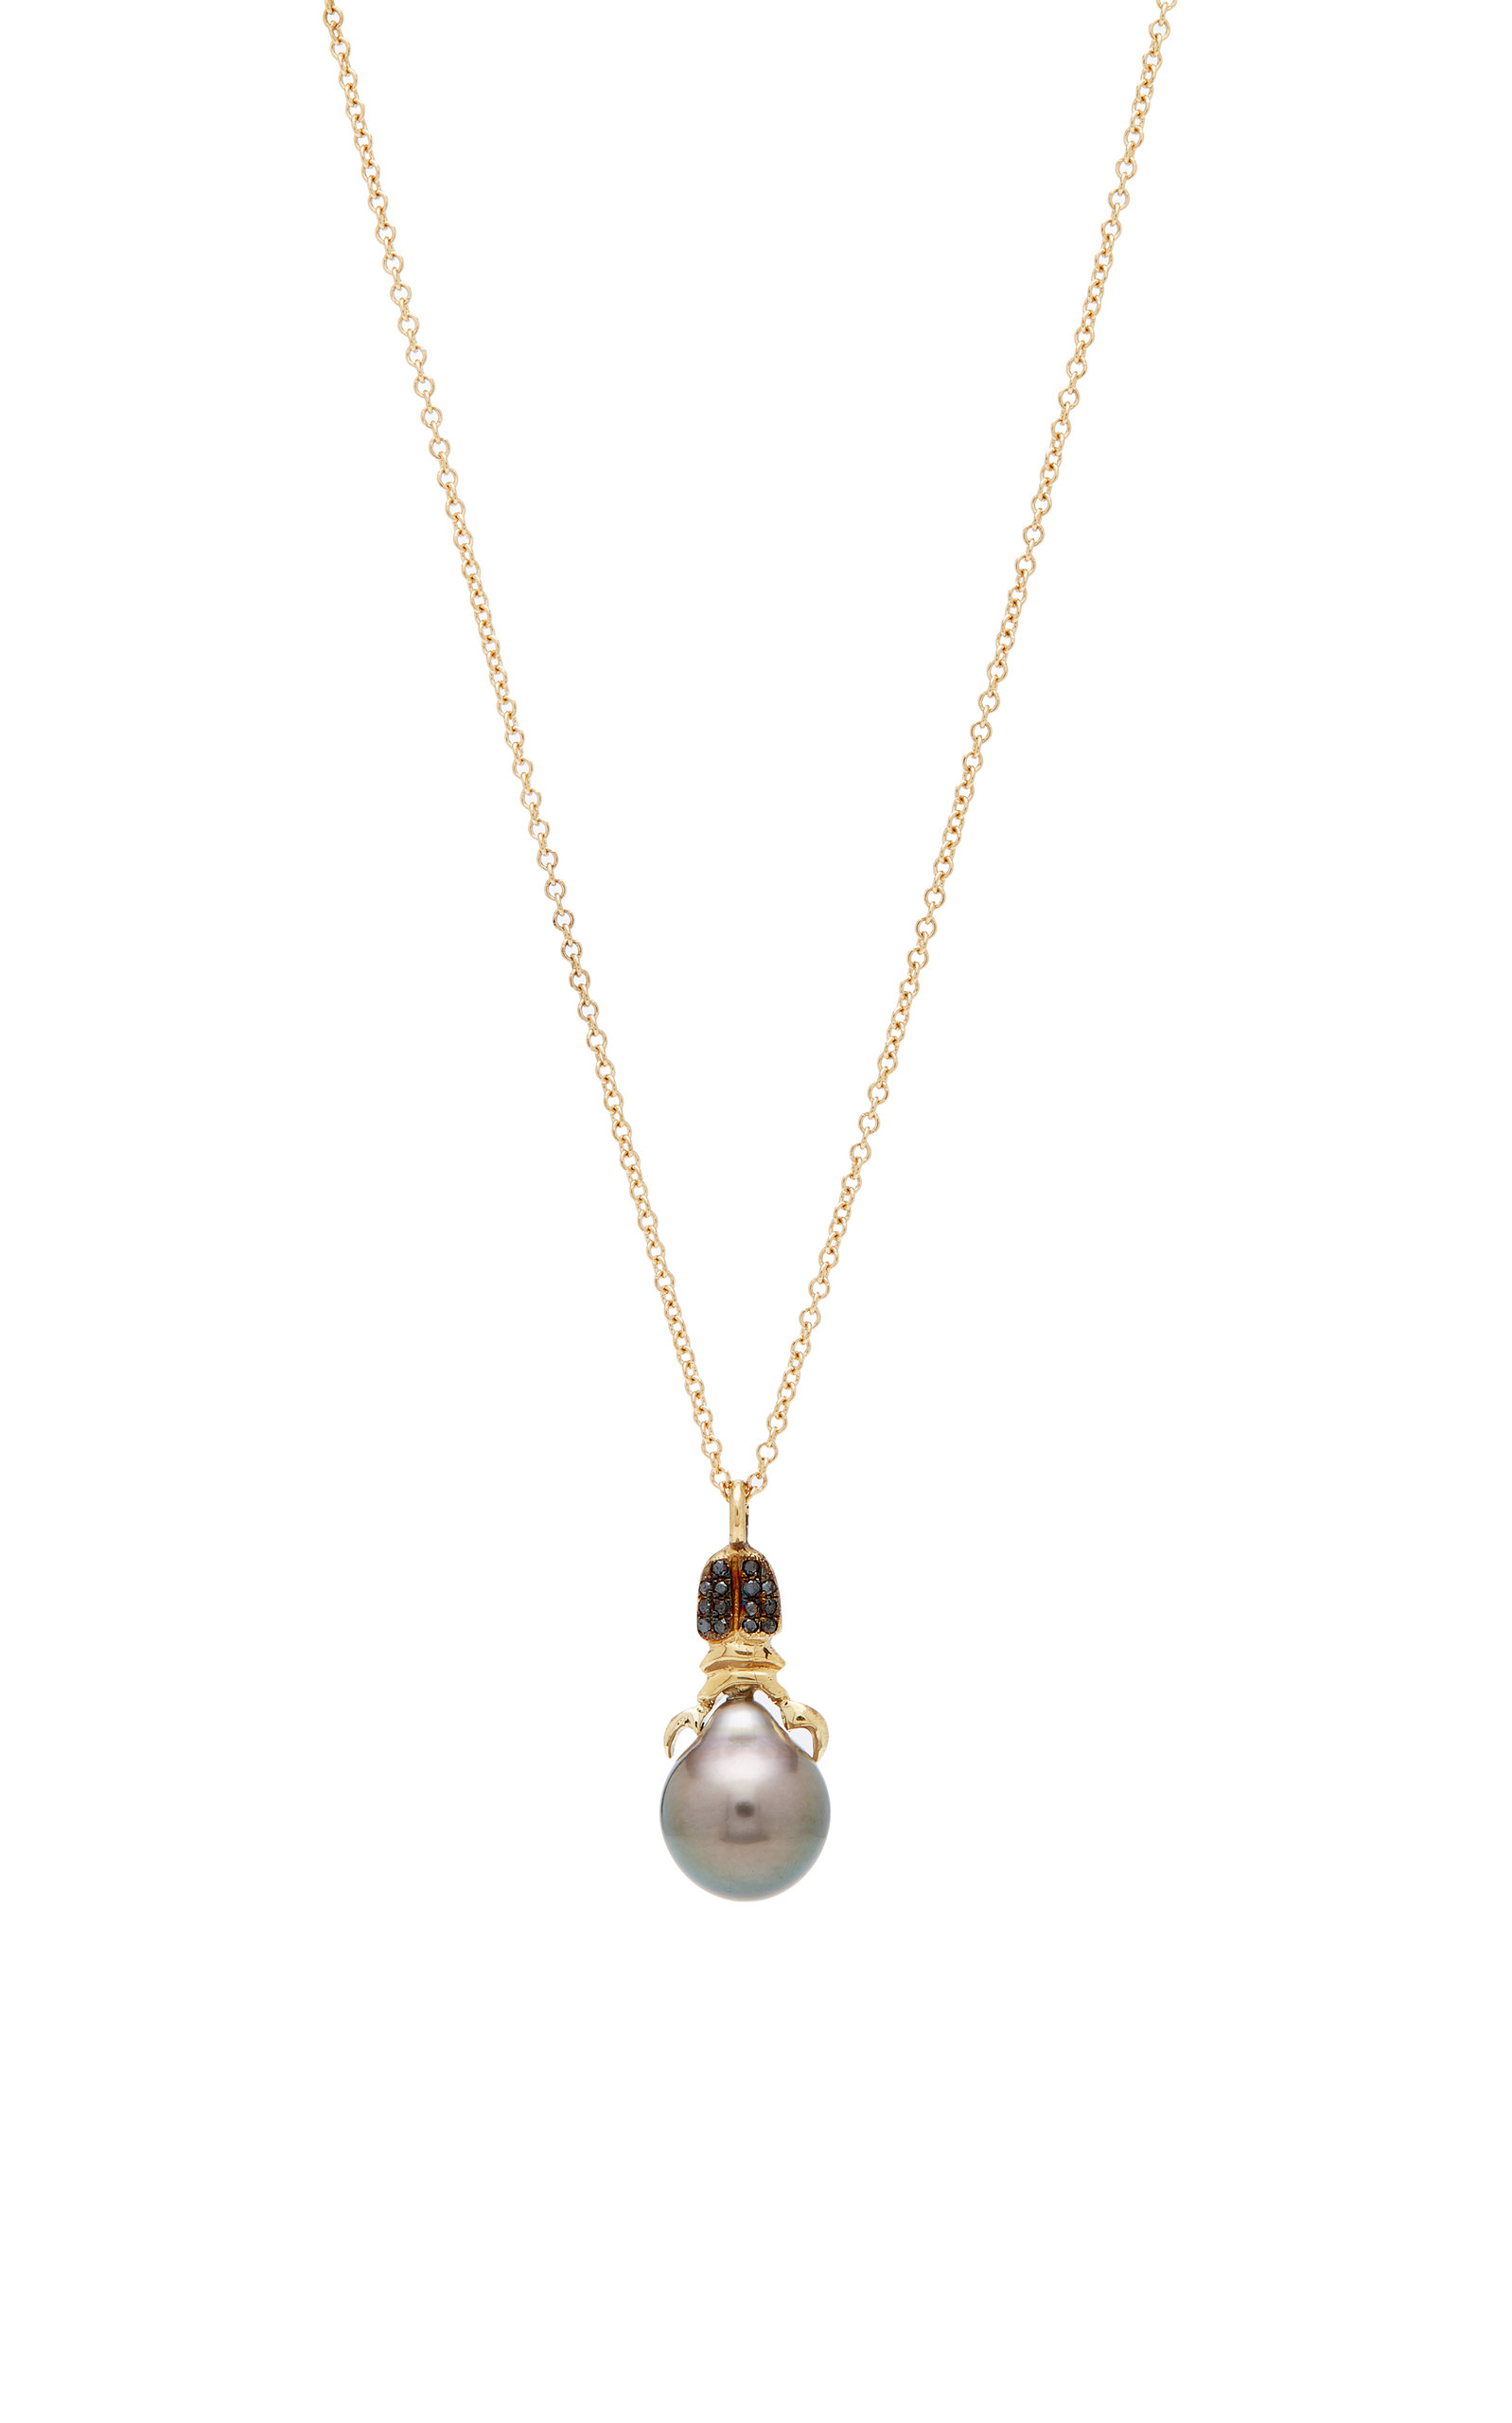 Khepri 18K Rose Gold Garnet And Pearl Necklace Daniela Villegas 95ywv
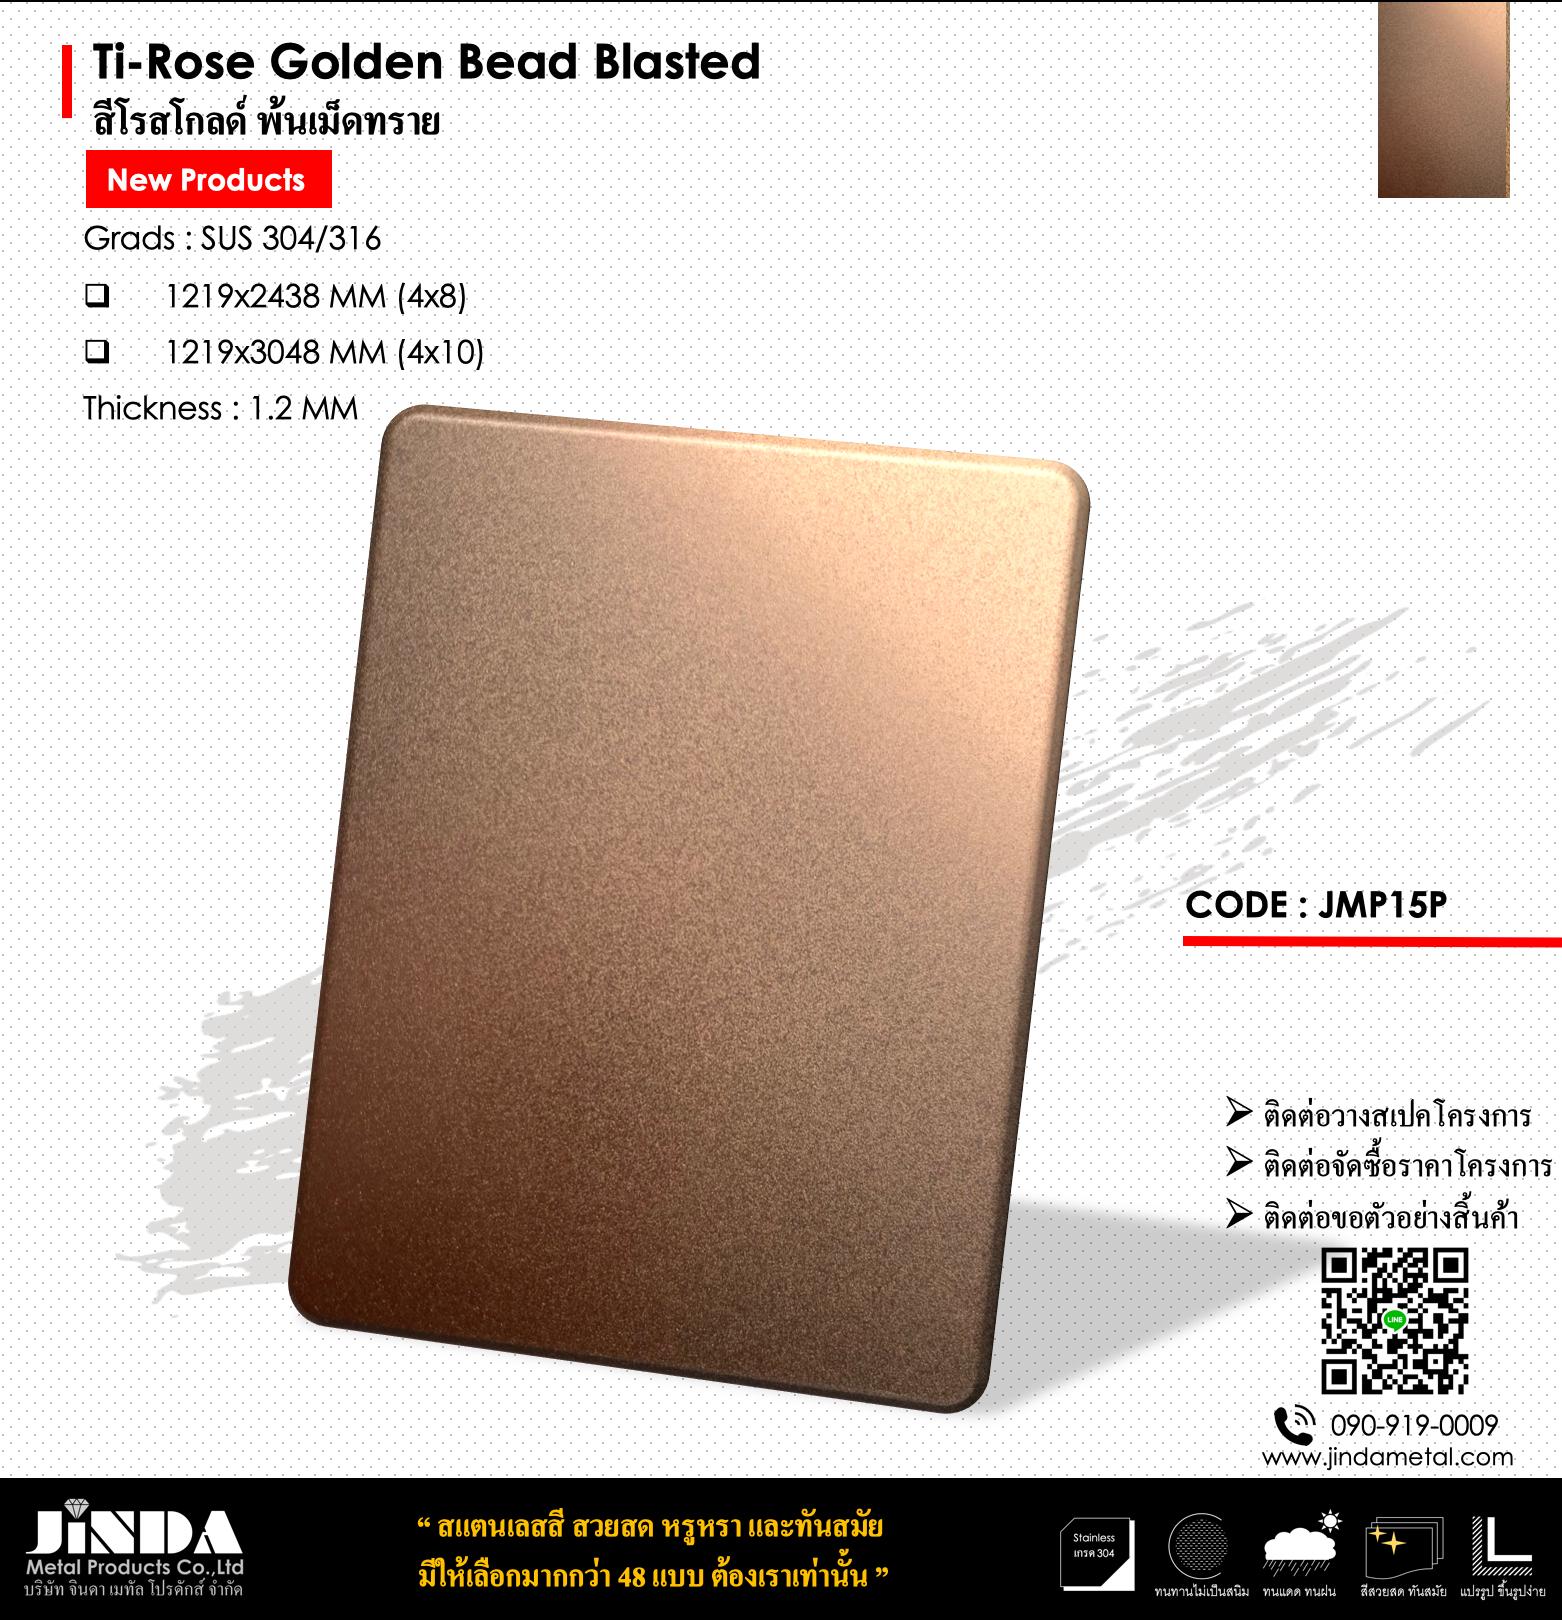 Ti-Rose Golden Bead Blasted   สีโรสโกลด์ พ้นเม็ดทราย
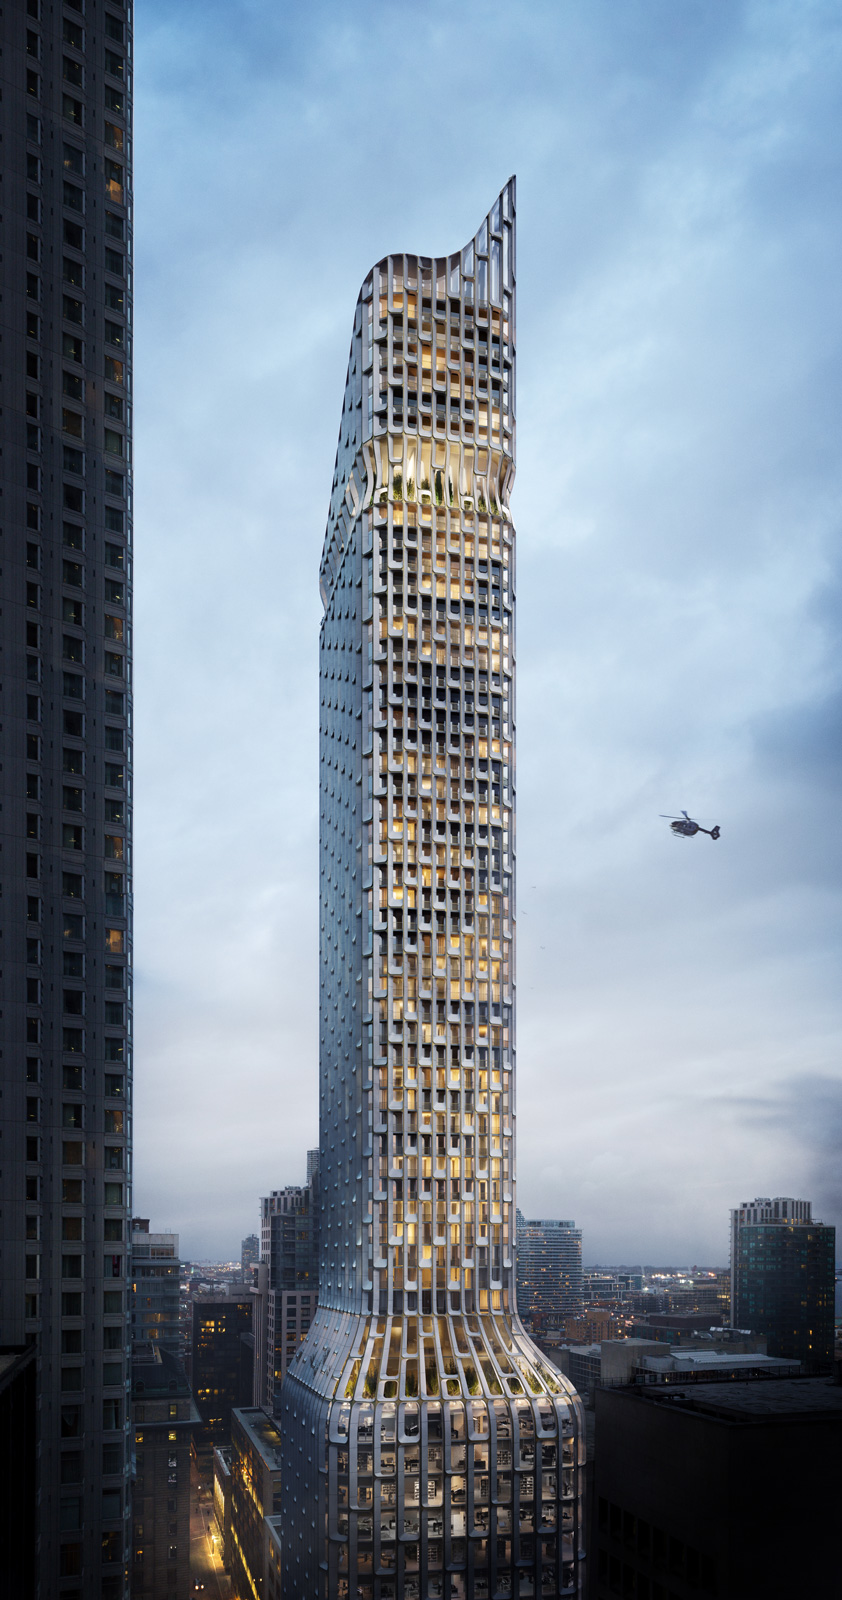 Yonge Street tower

----

Write out each line again, exactly as it appears above, except for any picture.

 Khepri 18K Rose Gold Garnet And Pearl Necklace Daniela Villegas 95ywv
 Ti-Rose Golden Bead Blasted   สีโรสโกลด์ พ้นเม็ดทราย
 Yonge Street tower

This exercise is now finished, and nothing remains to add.